Print the data exactly. Pictures stay out.

▶ **Given data**
......

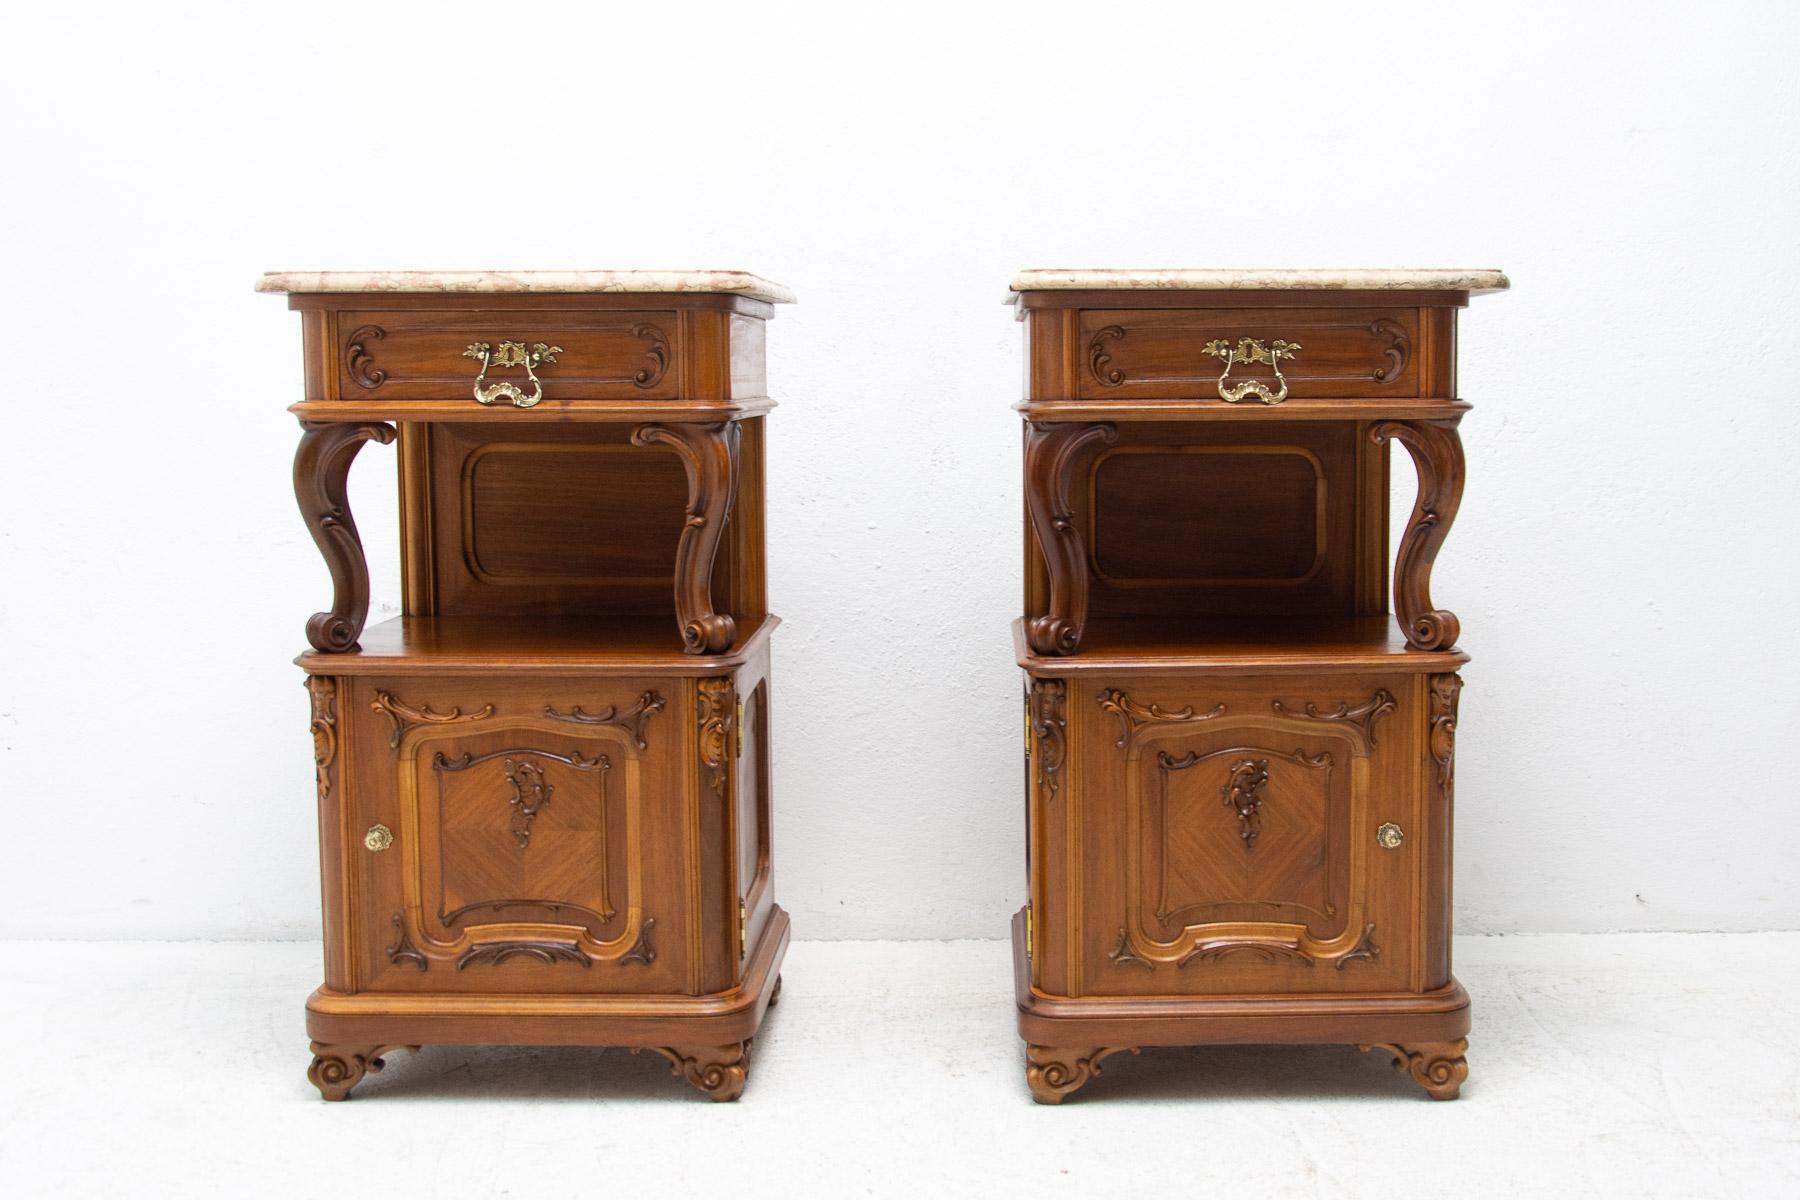 A pair of the bedside tables in the historicist style, made in the Austria-Hungary empire around 1910.
It´s made of beech wood.
Marble panel on the top. The stands are in excellent condition, completely renovated.

Price is for the

......

▶ **Response**
 A pair of the bedside tables in the historicist style, made in the Austria-Hungary empire around 1910.
It´s made of beech wood.
Marble panel on the top. The stands are in excellent condition, completely renovated.

Price is for the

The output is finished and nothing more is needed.